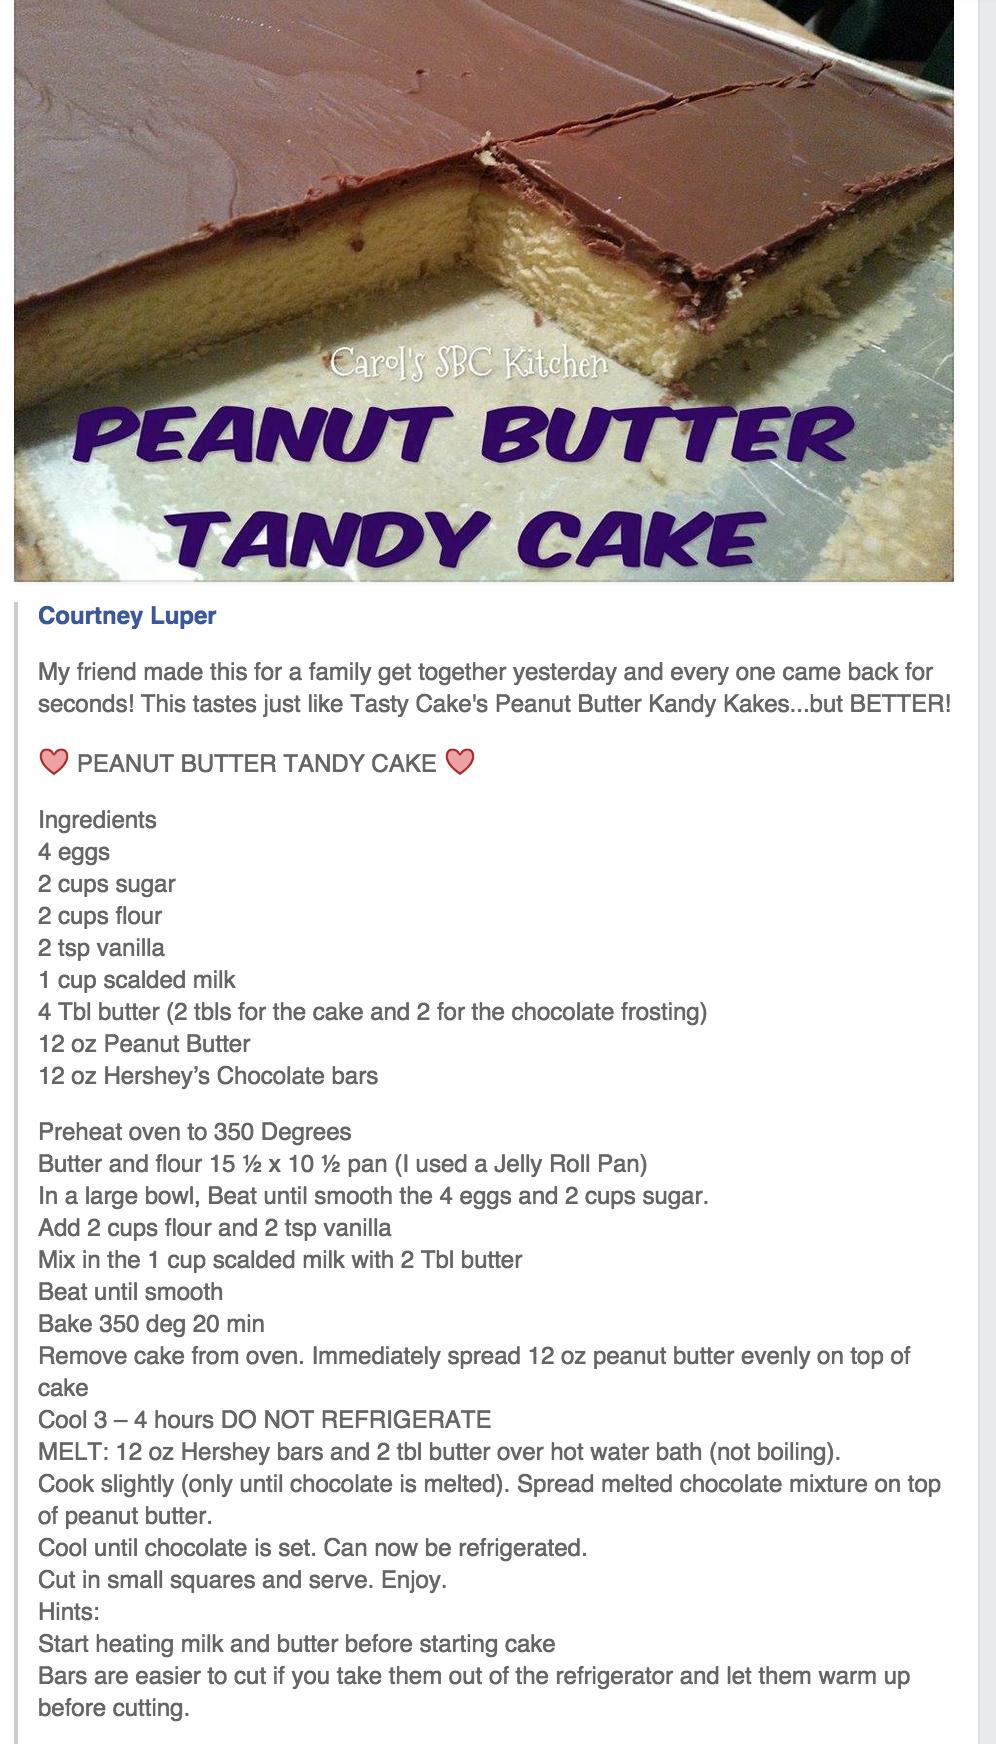 Peanut Butter Tandy Cake | Food | Pinterest | Tandy cake, Peanut ...
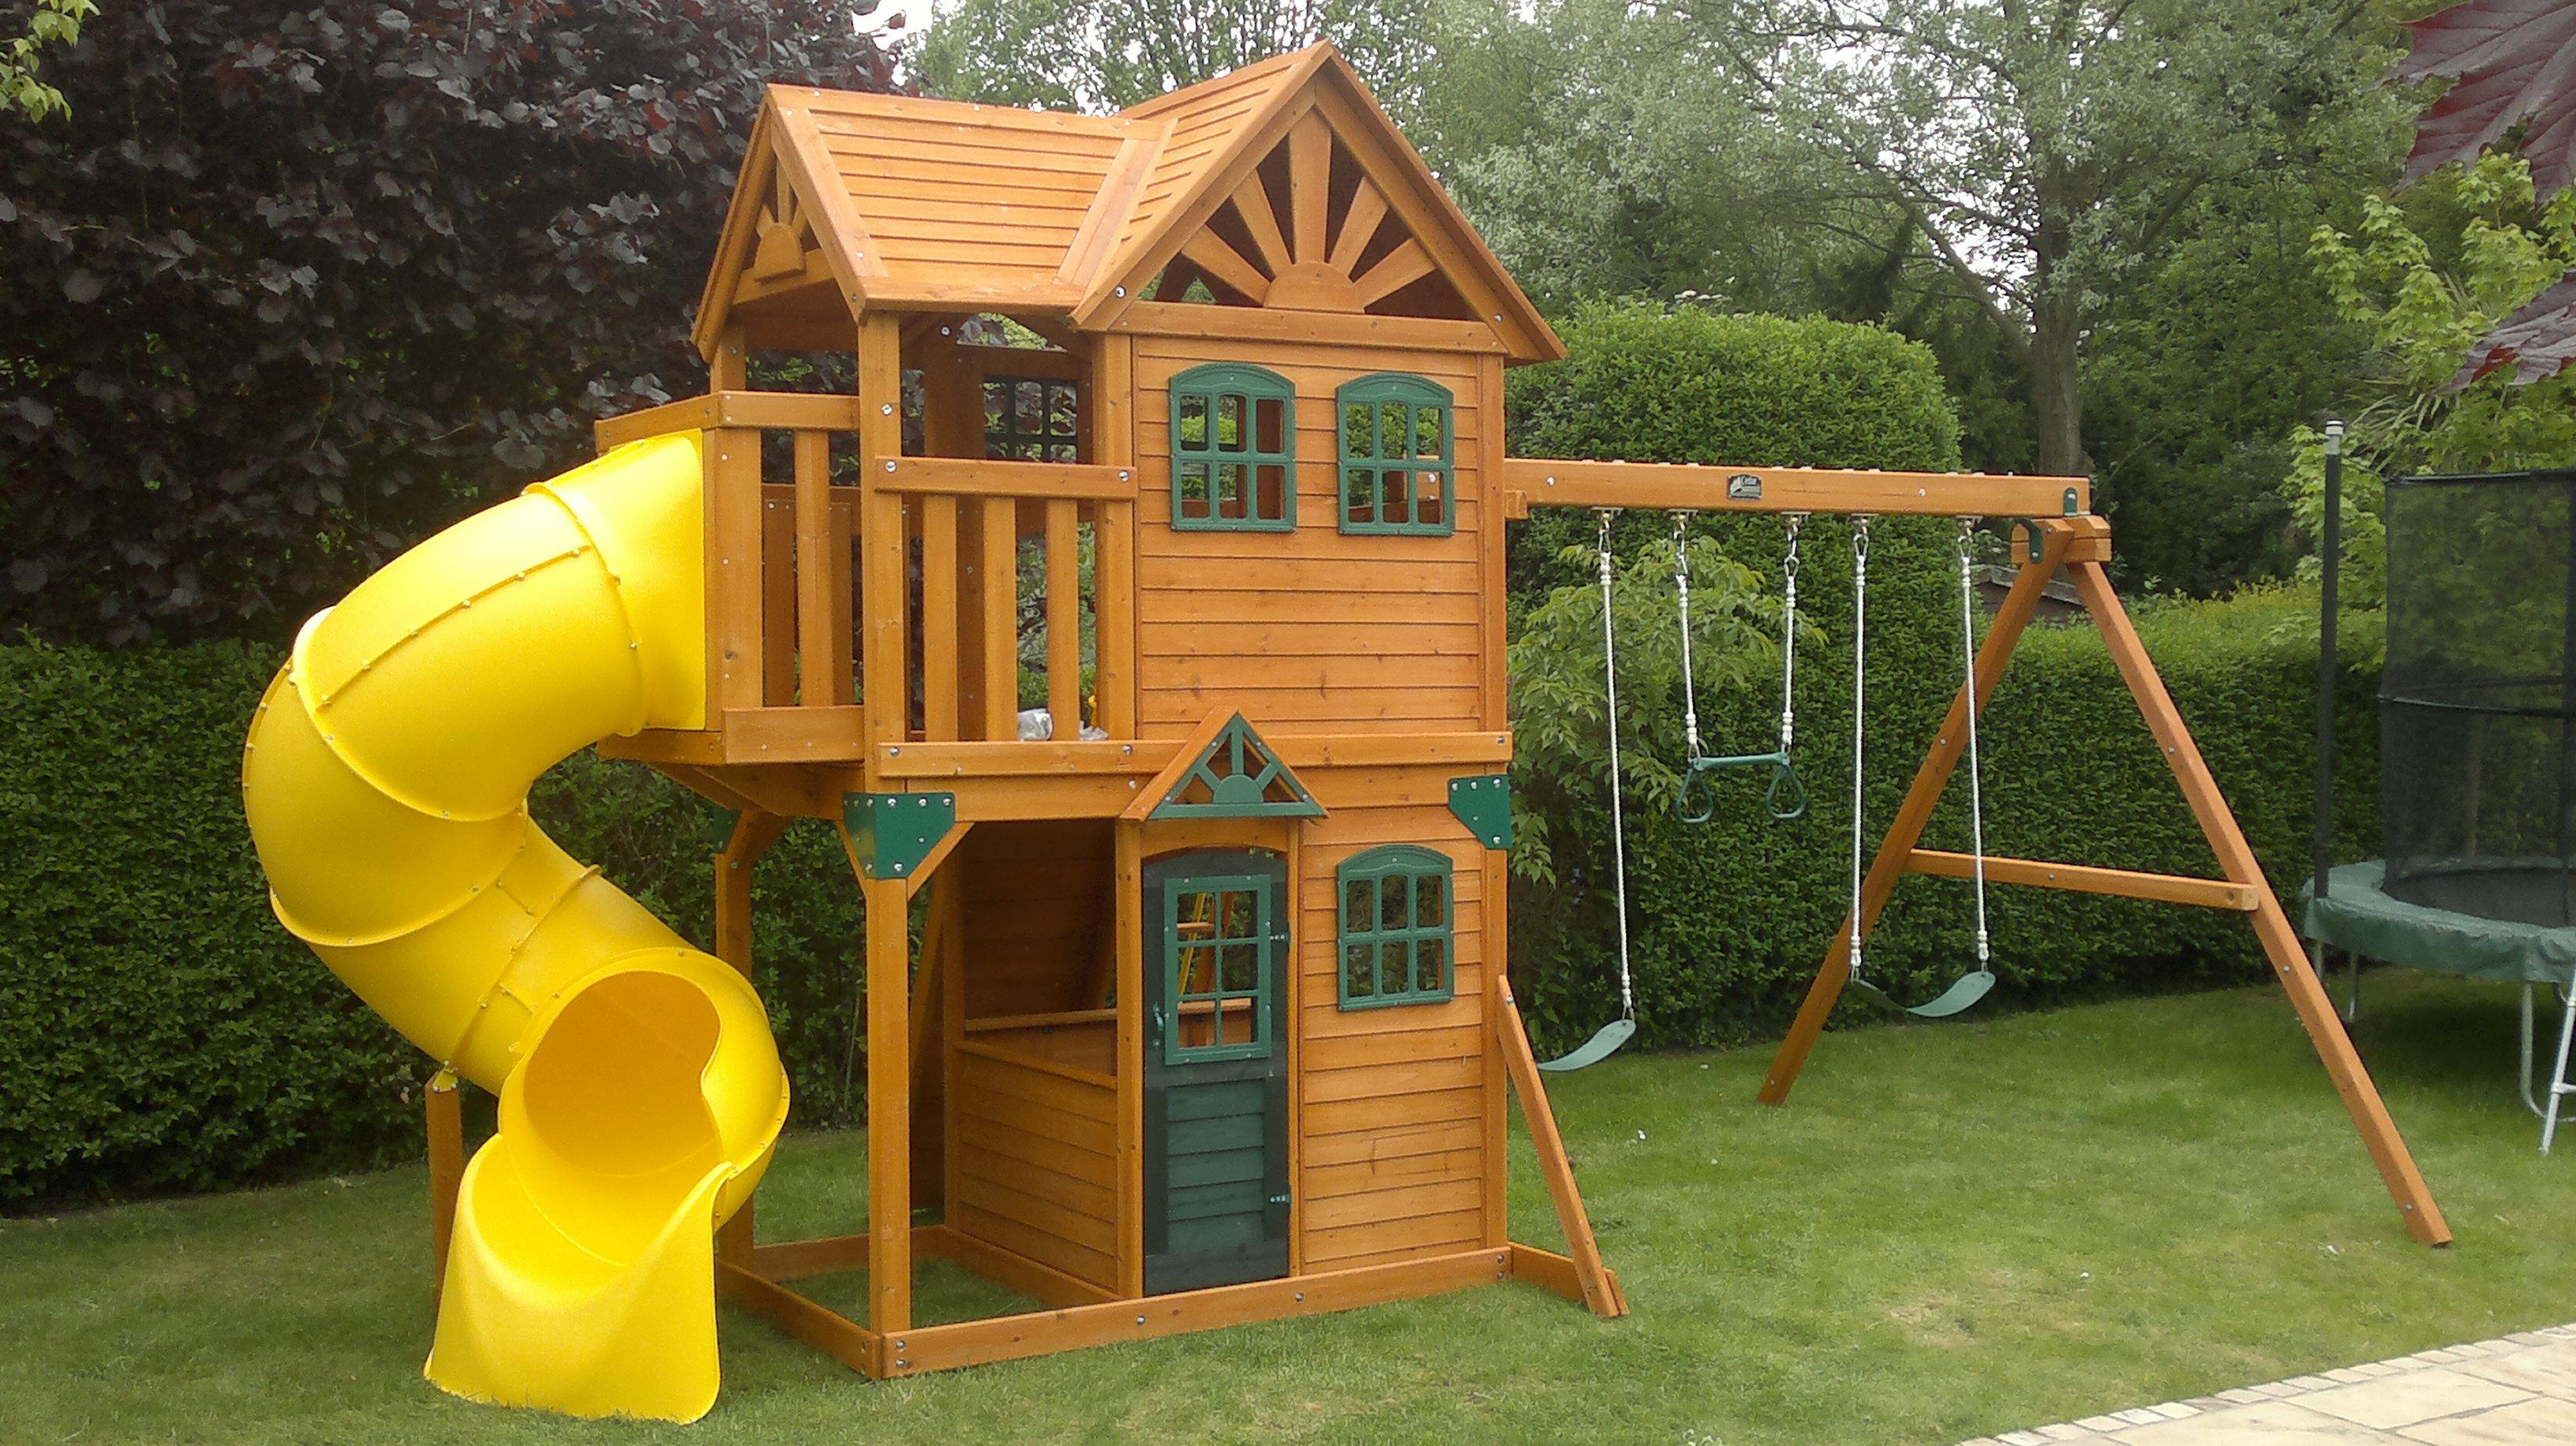 25.SIMPHOME.COM best outdoor playhouse outdoor ideas
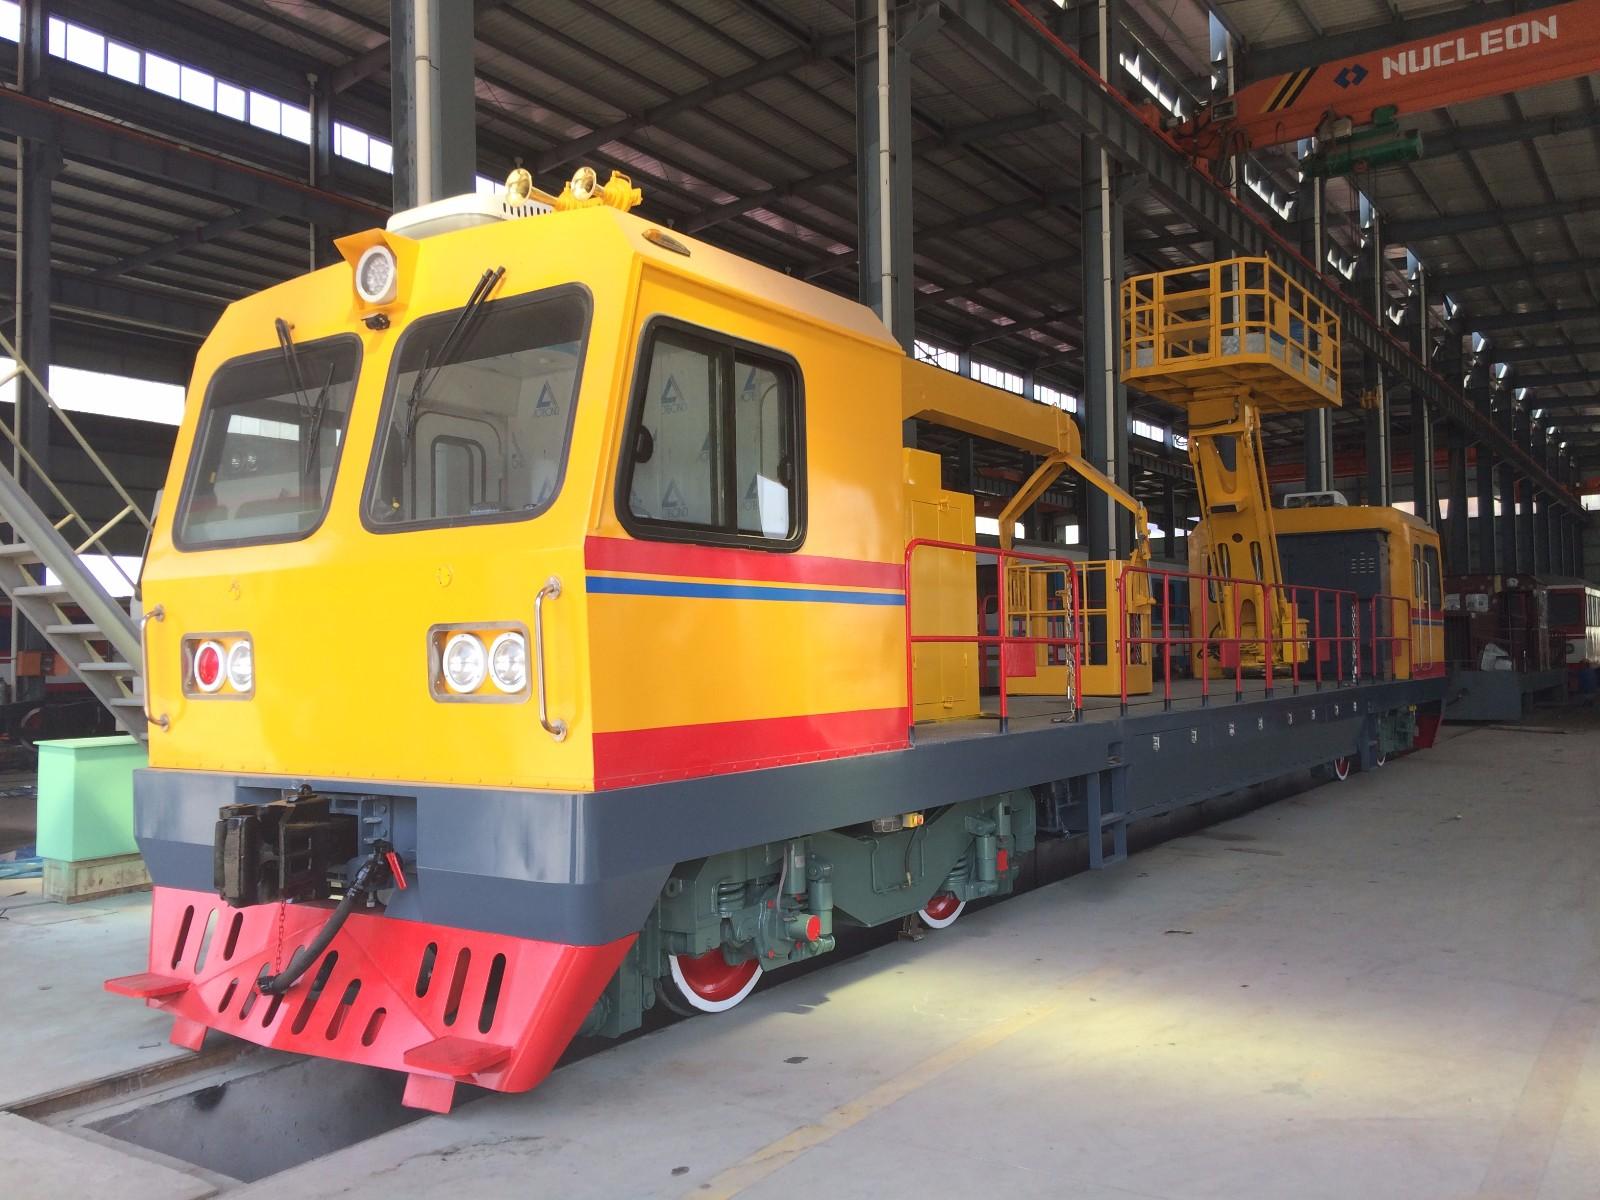 locomotoras?  locomotoras?in?Other?Mining?Machineslocomotoras?in?Locomotives  locomotive?parts?  loc
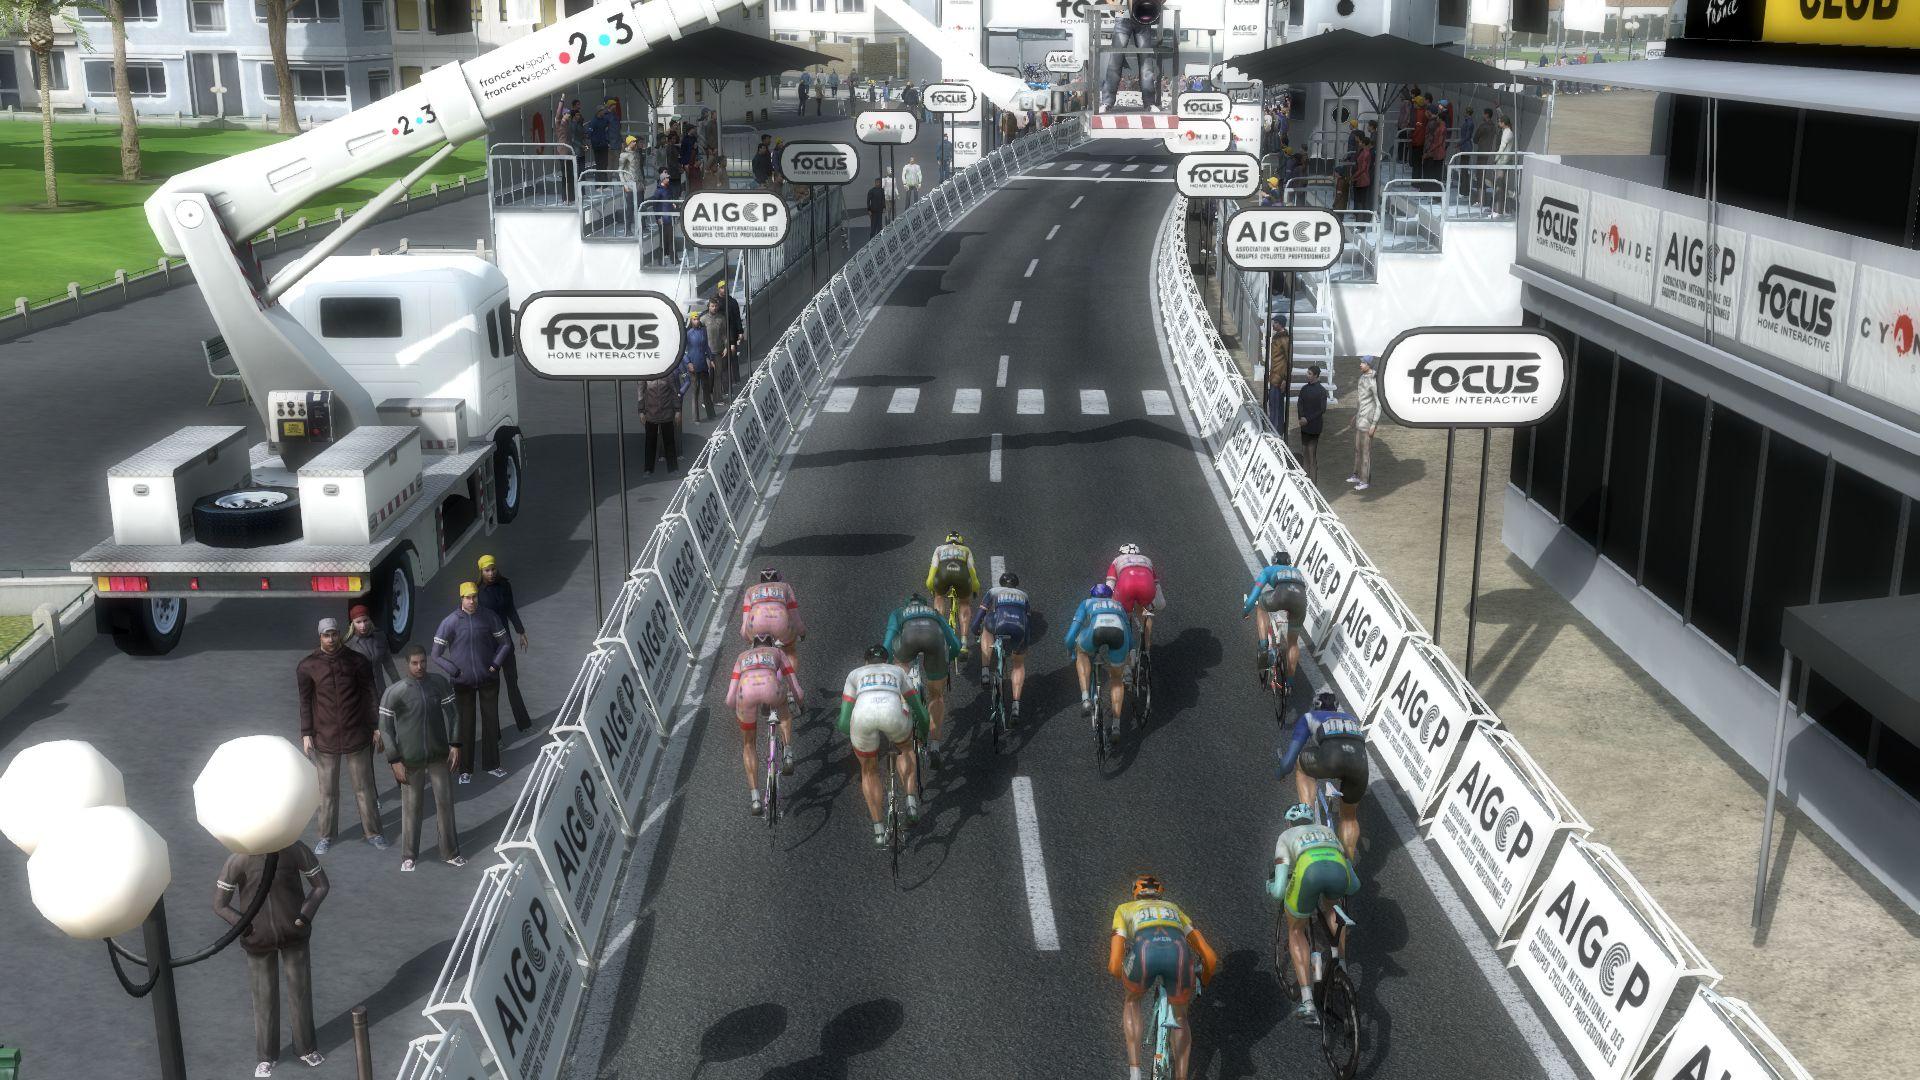 pcmdaily.com/images/mg/2019/Races/PT/Qatar/mg19_qat_s05_14.jpg

WHAT THIS TASK INVOLVES: Repeat the material exactly and drop each image.

SOLUTION TO THE EXERCISE:
 Peanut Butter Tandy Cake | Food | Pinterest | Tandy cake, Peanut ...
 25.SIMPHOME.COM best outdoor playhouse outdoor ideas
 locomotoras?  locomotoras?in?Other?Mining?Machineslocomotoras?in?Locomotives  locomotive?parts?  loc
 pcmdaily.com/images/mg/2019/Races/PT/Qatar/mg19_qat_s05_14.jpg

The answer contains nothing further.